Bite The Sweet Virginity 1
窓1つない薄暗い部屋。ベッドの上で大きな1つの影がうごめき、静寂を衣擦れと吐息、そして嬌声が犯していた。
やわらかな肌にかさついた唇が押し当てられ、組み敷かれた女の体が、抗いようのない甘美な被支配感に震える。
他の誰にも与えられなかった快感は女をより高みに上らせていき、女はこのまま溺れていたいとばかりに覆い被さる影に腕を回した。
そしてかすかな水音と共に組み敷かれた女の体が反り返り、引きつったような声と共にマットレスにその身を沈めていく。そばかすの残る顔は恍惚に歪み、くすぐられた嗜虐心に突き動かされるままに、覆い被さる影は熱い吐息の漏らす女に口付けを落とした。
だがその先を乱暴なノックが阻んでしまう。
嬌声の代わりに舌打ちが室内に響き、女を組み敷いていた影は苛立たしげにベッドを降りて扉を開ける。
デジタル時計が唯一の光源だった室内に乱暴なほどの光が差し込み、2度目の舌打ちを掻き消すようにため息が漏れる。
「……恥じらいとか、そういうのも求めるのも無駄なのかな」
黒い肌の眉間に深い皺が刻み込まれ、ブラウンの瞳を飾る目は冷ややかに部屋の主に向けられ、訪問者である少年はあきれ果てたように肩を落としながら口を開く。

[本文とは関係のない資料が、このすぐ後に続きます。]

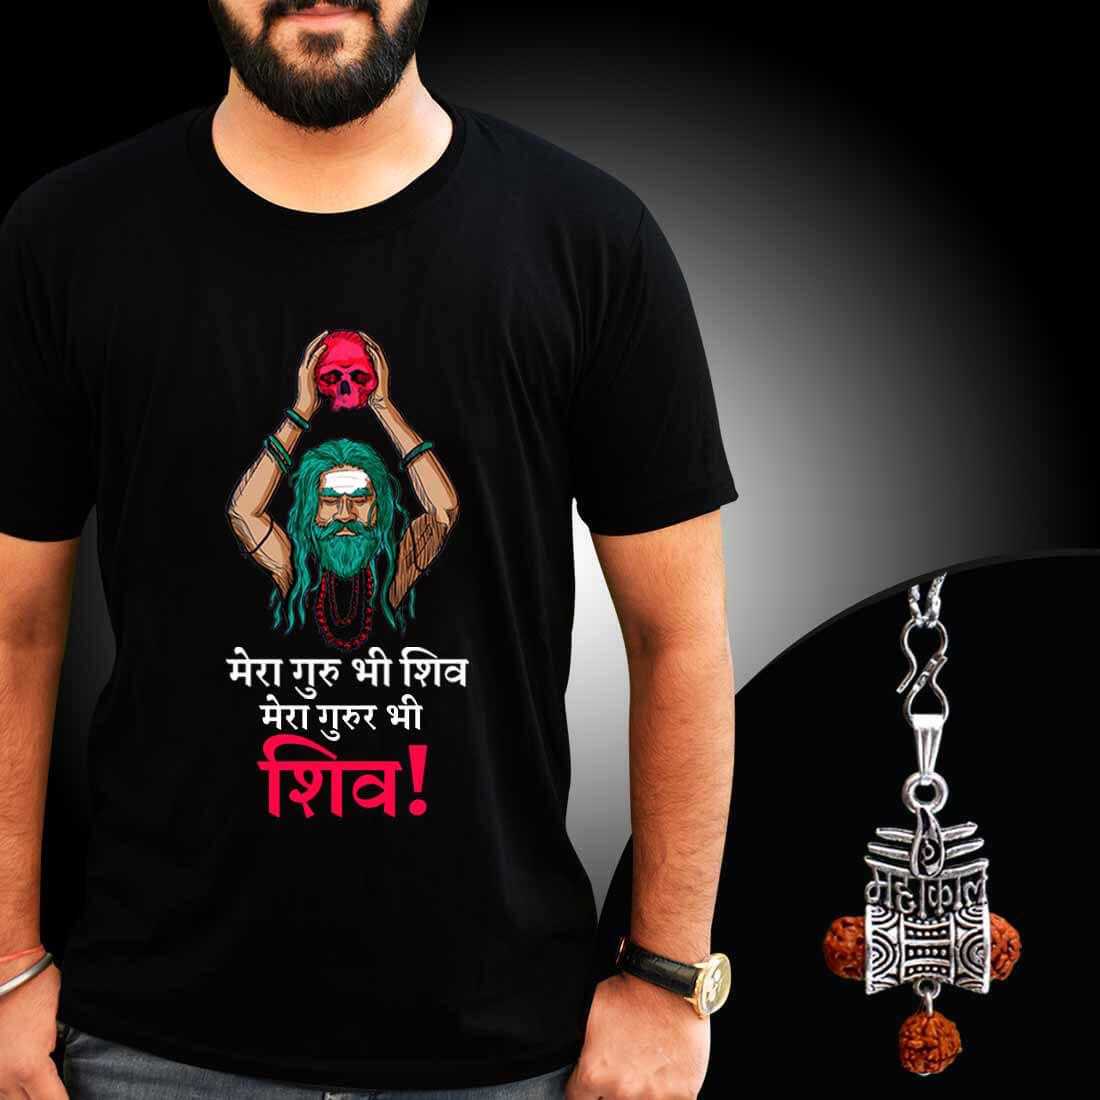 Shiva Quotes Printed T-Shirt Combo WIth Mahakal Locket

LEDライトの灯りは部屋の主の姿を、文字通り一子纏わぬ豊かなプロポーションの裸体をを浮かび上がらせているというのに、部屋の主は隠そうという意思すら見せなかったのだ。
「あァ? 人の女をジロジロ見てんじゃねえぞ?」
「そういうつもりはないし、レズビアンにも興味はない。だから、朝から盛らないでくれるかな。すっごいうるさいんだけど」
「朝からじゃねえ、夜からだ」
「なおさらだよ、チクショウが」
屁理屈を通り越した暴論に少年はついに両手で顔を覆ってしまう。一見すれば少年が見慣れぬ女の裸体から目を逸らしているようだが、両者に恥じらうような様子はなく、あるのは呆れと楽しみを邪魔された苛立ちだった。
「それより、分かったんだろ?」
「その察しの良さを僕の居心地の良さに還元して欲しいところだけどね」
仕方ないとばかりに話を切り出した女に少年は嘆息を漏らしながら、ポケットから取り出したスマートフォンを差し出す。

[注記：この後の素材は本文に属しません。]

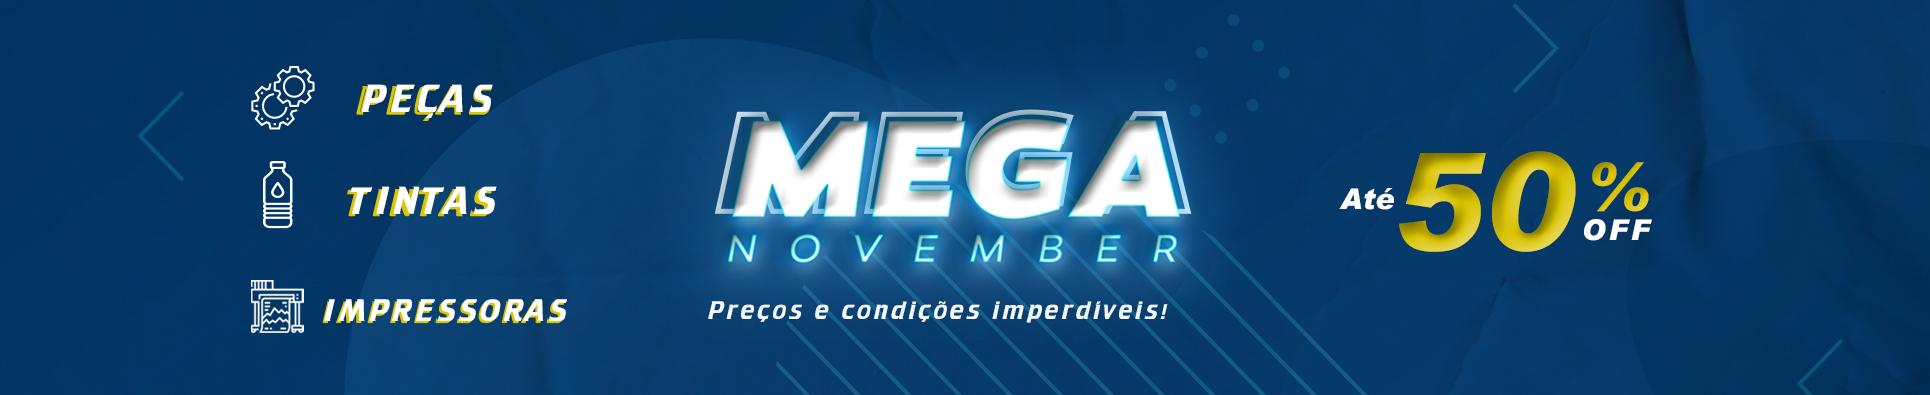 mega november megagraphic

比較的大き目のディスプレイに映し出されていたのは不鮮明な映像、赤毛の少女とプラチナブロンドの執事がキスをしている防犯カメラの映像だった。
「やっぱり、だよな。上出来だ、ジョン」
「そんなに凄い相手なんだ」
「当たり前だろ。他の誰でもねえ、この私を認めさせた唯一の男だぜ?」
面倒臭そうに、それでいて楽しそうな女の様子にジョンと呼ばれた黒人の少年は理解出来ないとばかりに首を横に振る。
ルックスには恵まれているが、態度は男勝りを通り越して粗雑で猥雑。長い黒髪と豊かなプロポーションだけがその存在を女としているが、繰り出される暴力は純粋なほどの悪意を内包している。
そんな女と共に暮らし、日夜嬌声を聞かされ続ければ女への幻想と共に、ここに居る大人達への期待が失われていくのも無理はなかった。
「とりあえず起動方式はジョンの考え通りみてえだし、あとはやっちまうだけって訳だ」
「世界を変えた天才の問題の割りには低レベルだったってだけだよ――装備は用意させたし、人員は最低限がベストで、拠点ごとの移動の準備も完了。いつでもいけるよ」
「そりゃいい。とりあえずあと1時間くらい待ってろ」
「……一応、理由だけ聞いておいていいかな?」
突きつけるように立てられた人差し指にジョンは顔を引きつらせて問い掛ける。
対象の護衛が手薄である今が最初で最後のチャンスであり、そのためにジョンは装備などを用意させていた。享楽にふける女のために指導者であり、恩人である女のために。
恩を押し付けるつもりも、そういった関係を望んでいる訳でもない。
ただ、そんな理由で待たされるのは嫌だ。それがジョンの偽らざる切実な願いだった。
しかしそんなジョンの願いを余所に、刺青が彫られた美しい顔が浮かべたのはシニカルな笑み。